Output the data below only from the line containing "Set of 2 honey" up to and including the line containing "PVC Pipe Extruder/Plastic", exact and with the pictures left out.

─── INPUT RECORDS

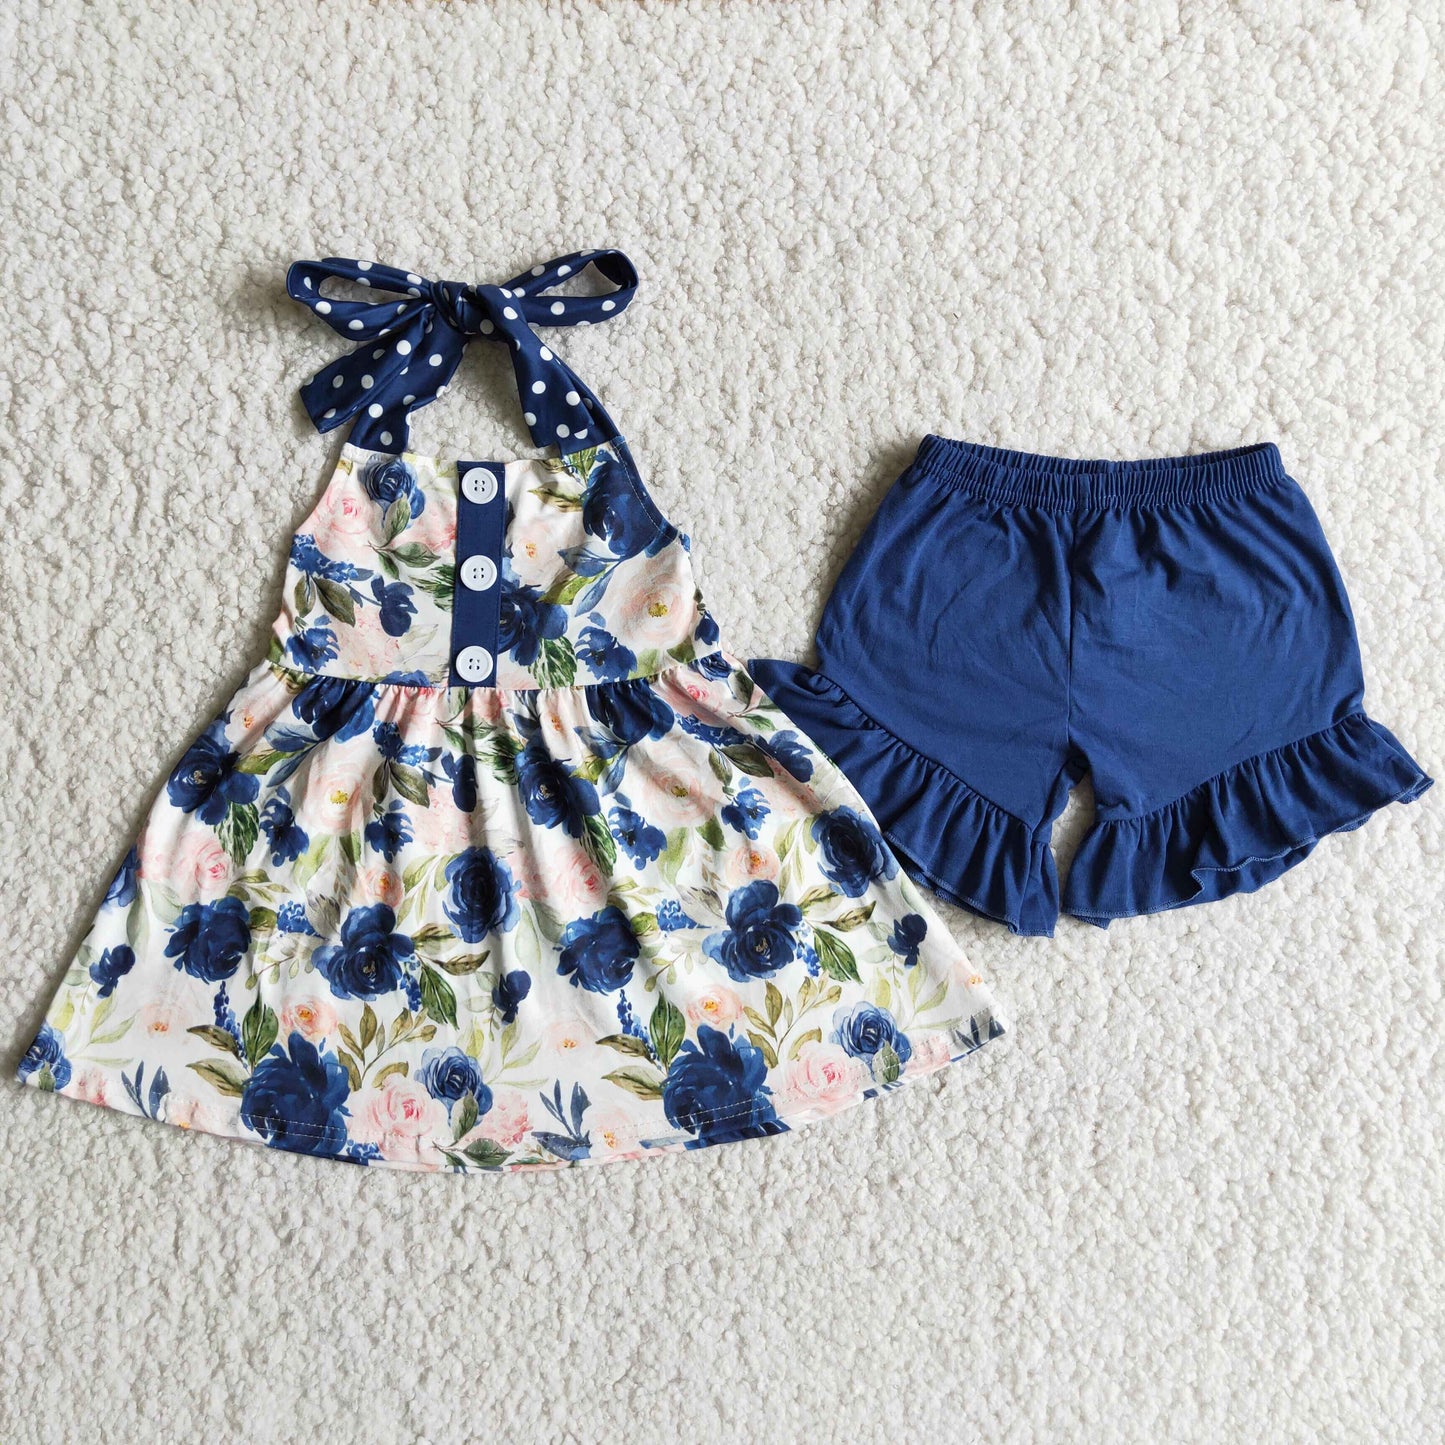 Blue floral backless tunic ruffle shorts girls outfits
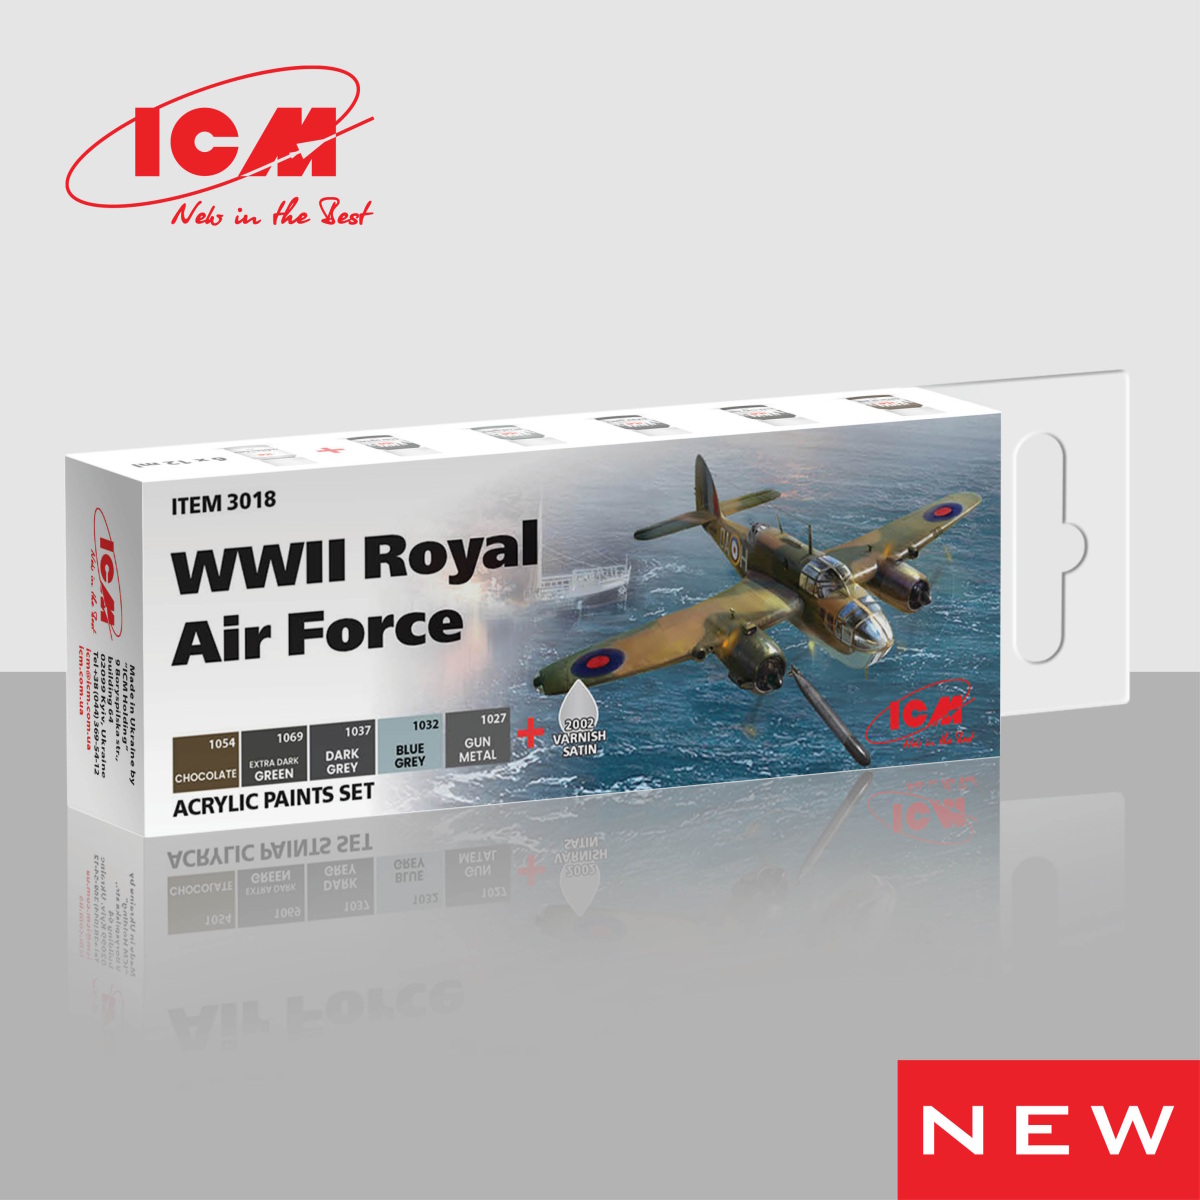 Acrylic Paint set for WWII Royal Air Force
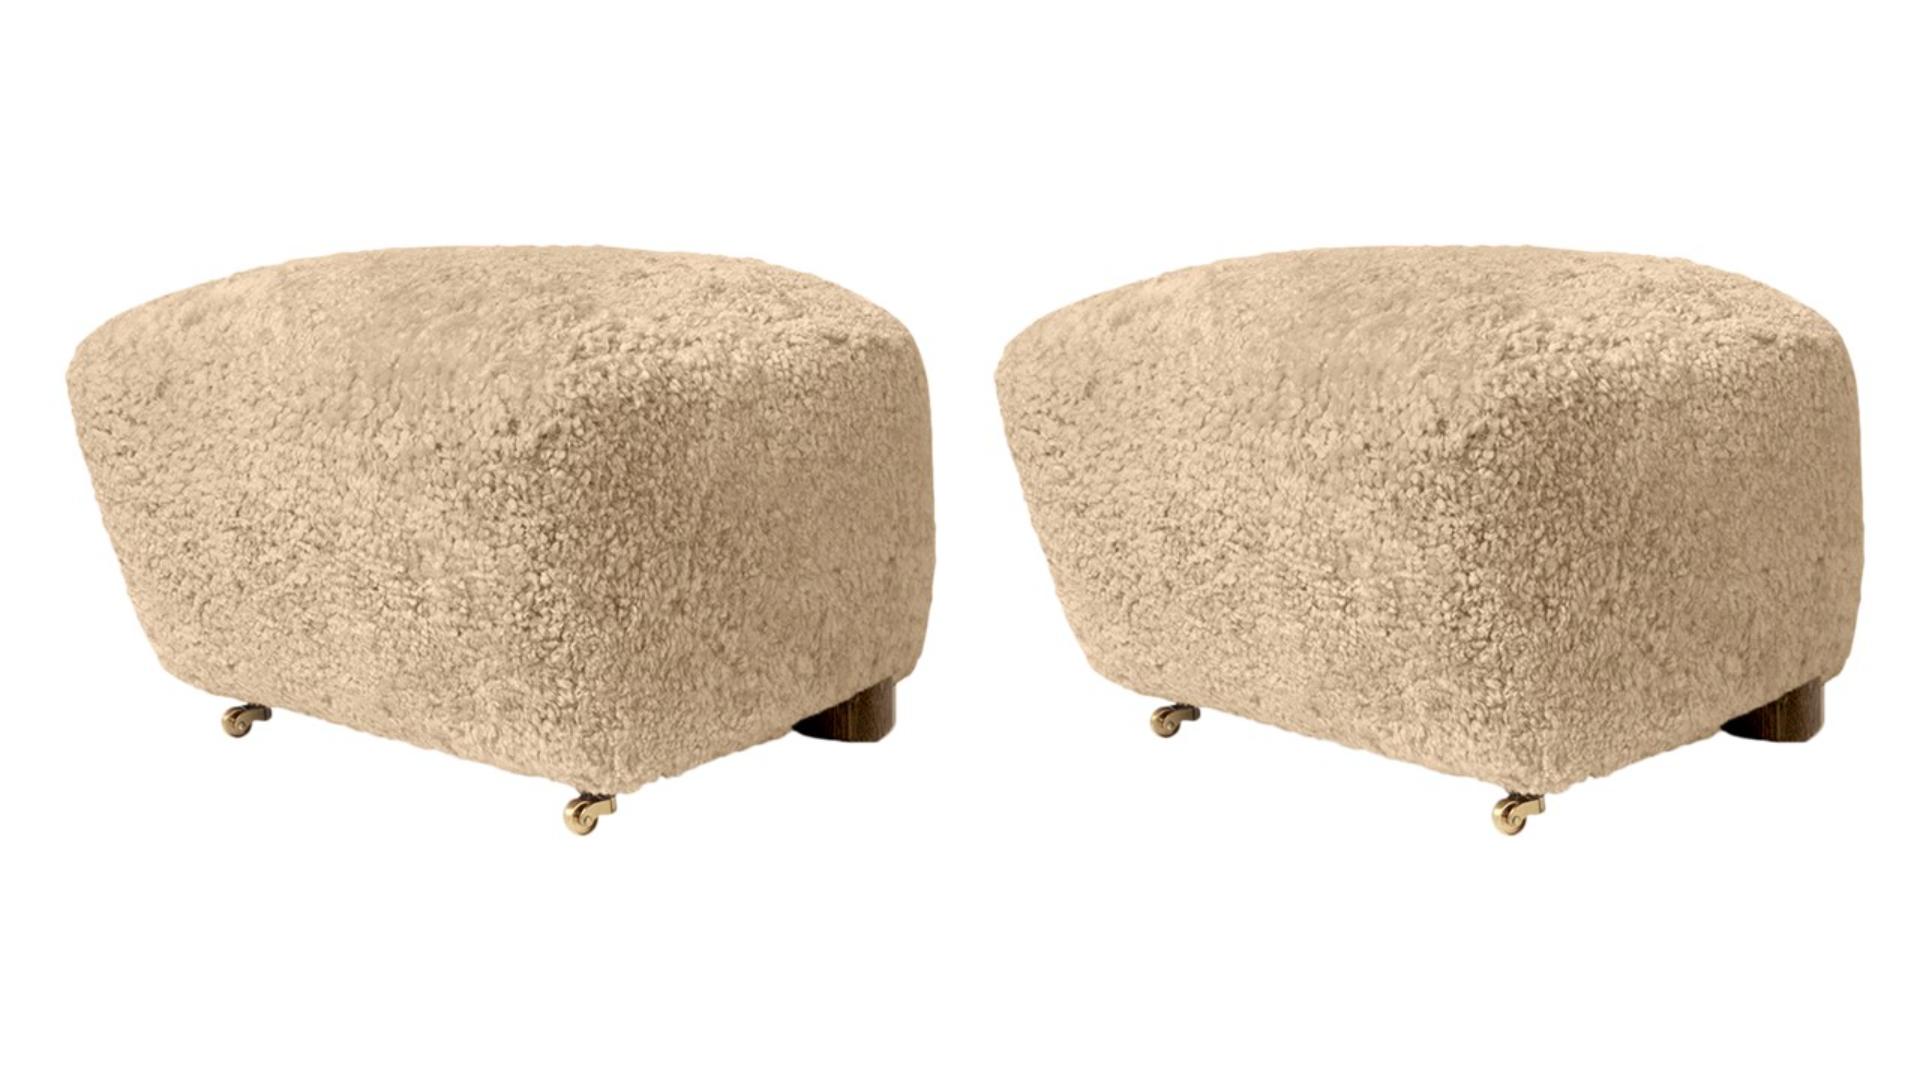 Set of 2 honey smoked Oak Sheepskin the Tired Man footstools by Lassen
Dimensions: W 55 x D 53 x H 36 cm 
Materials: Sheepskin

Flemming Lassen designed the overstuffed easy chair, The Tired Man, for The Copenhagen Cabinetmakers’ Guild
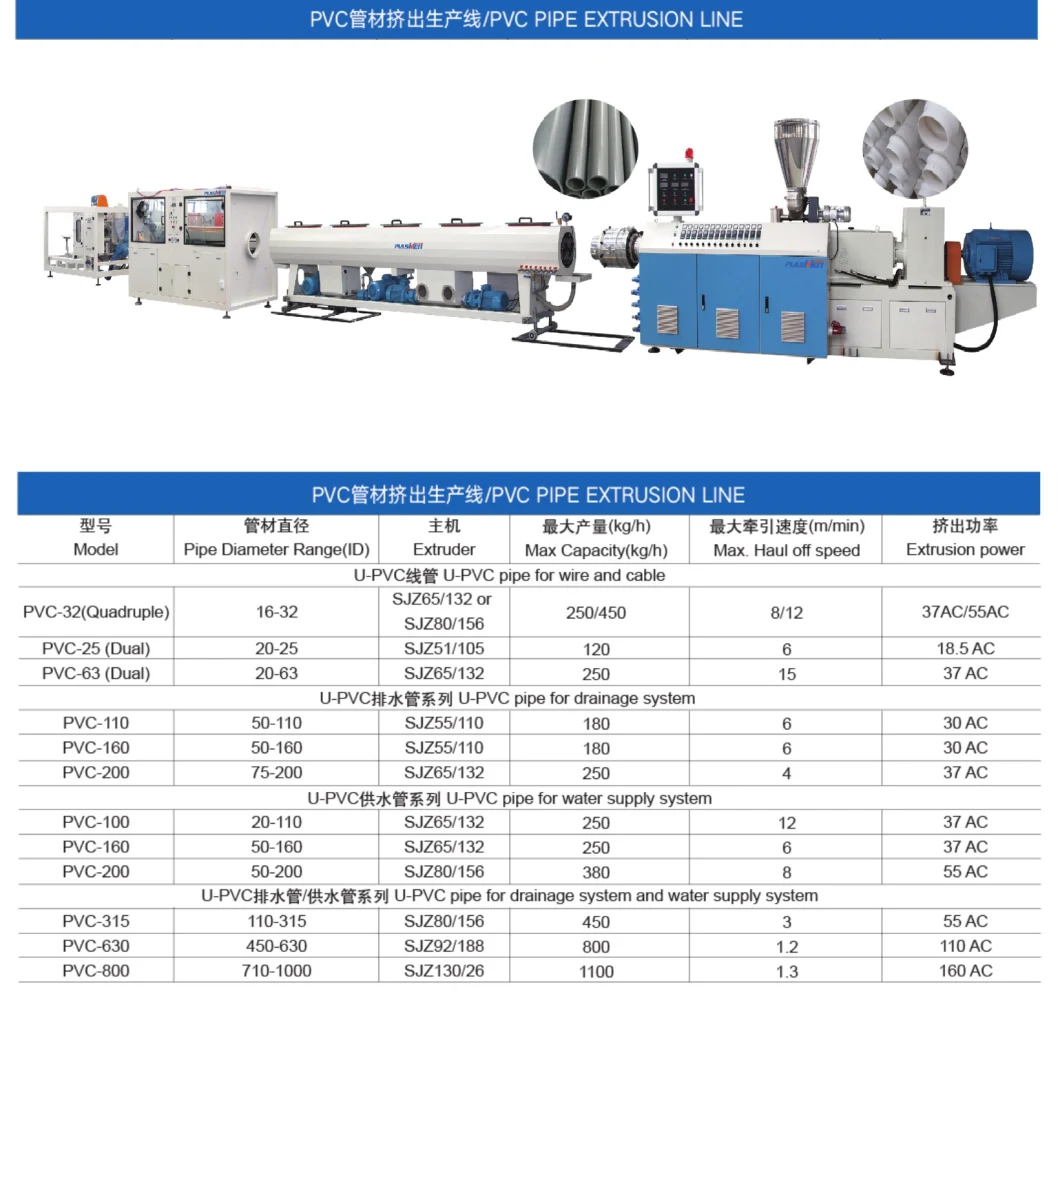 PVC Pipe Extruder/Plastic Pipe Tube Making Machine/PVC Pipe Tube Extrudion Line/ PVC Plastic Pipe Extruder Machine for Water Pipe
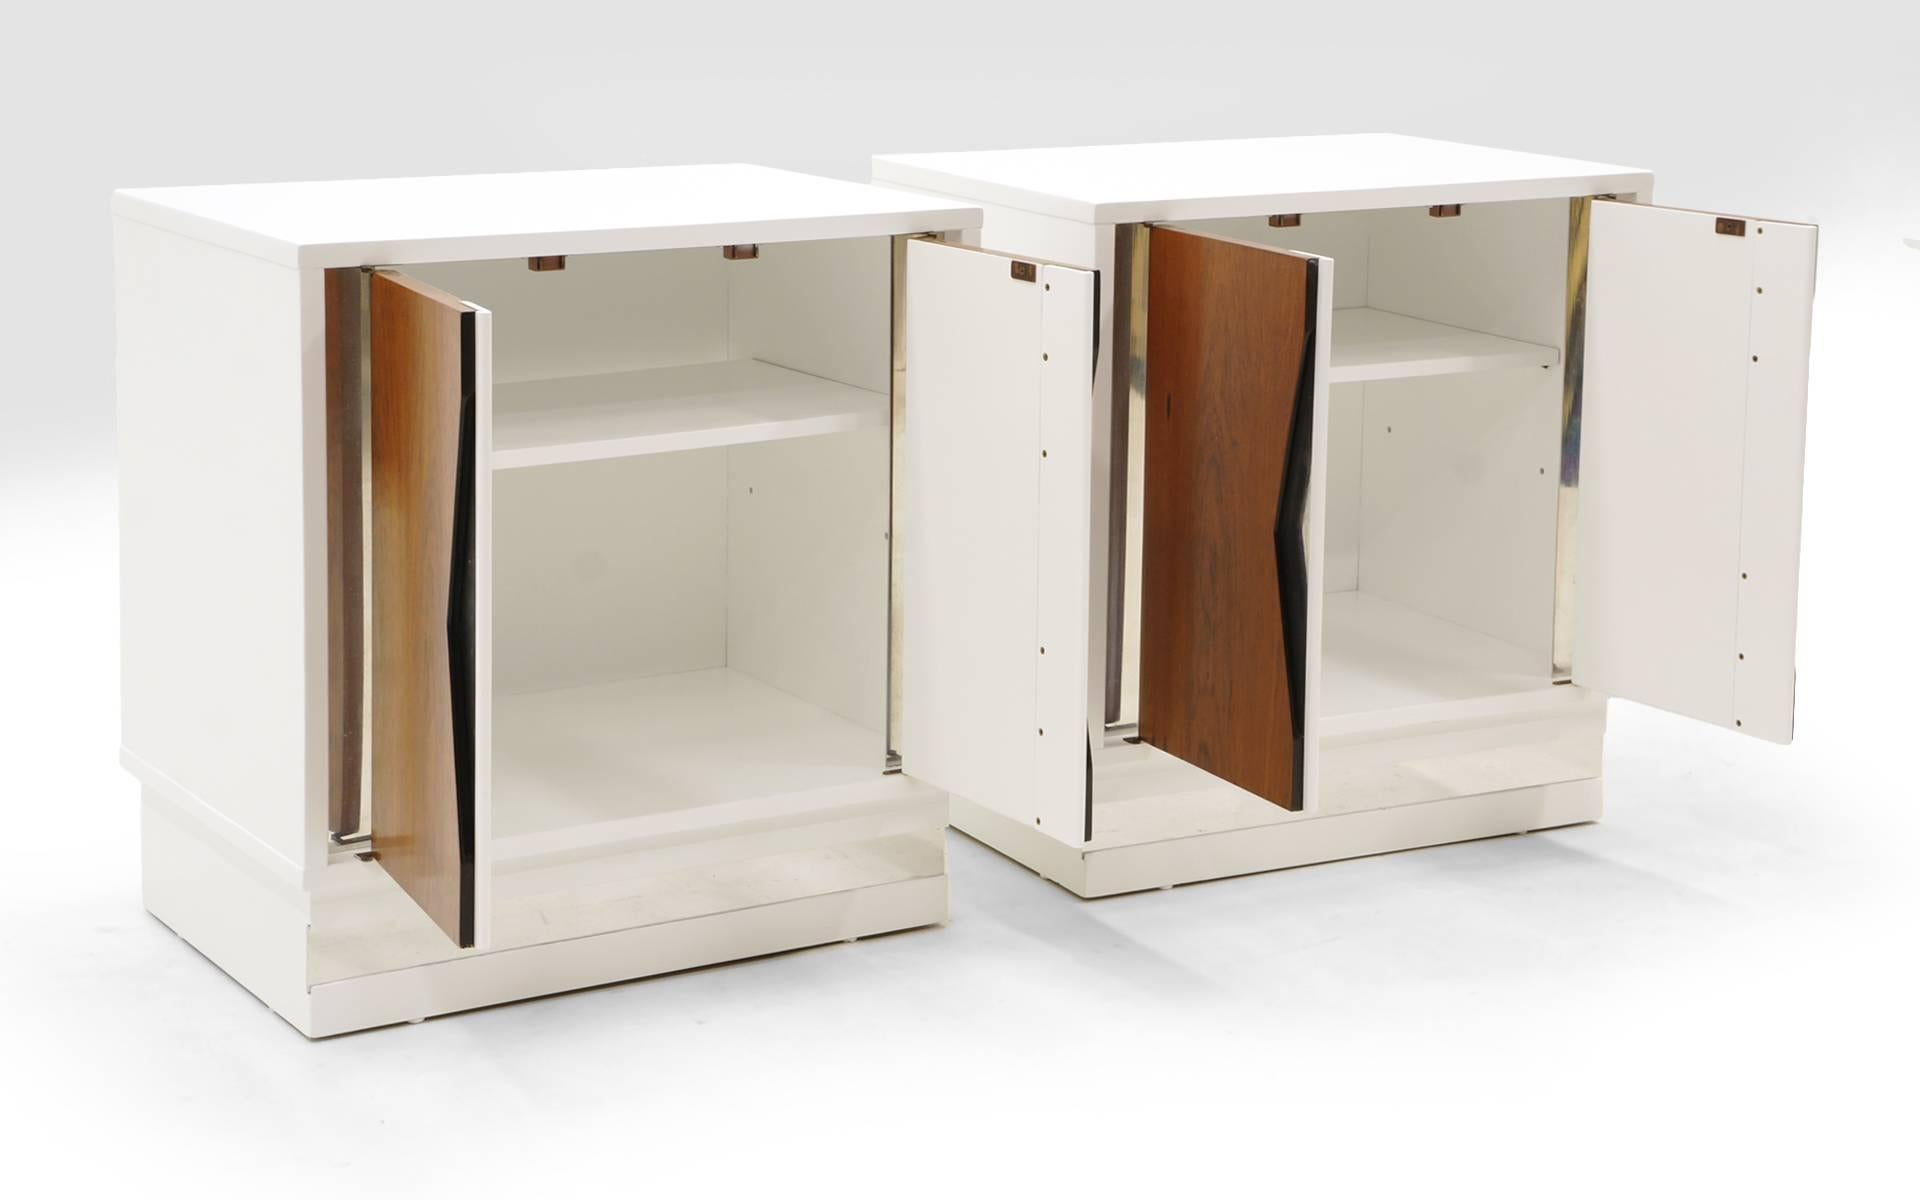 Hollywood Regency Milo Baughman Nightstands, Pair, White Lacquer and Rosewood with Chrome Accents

──────

WRITTEN RESPONSE:
 Set of 2 honey smoked Oak Sheepskin the Tired Man footstools by Lassen
Dimensions: W 55 x D 53 x H 36 cm 
Materials: Sheepskin

Flemming Lassen designed the overstuffed easy chair, The Tired Man, for The Copenhagen Cabinetmakers’ Guild
 PVC Pipe Extruder/Plastic Pipe Tube Making Machine/PVC Pipe Tube Extrudion Line/ PVC Plastic Pipe Extruder Machine for Water Pipe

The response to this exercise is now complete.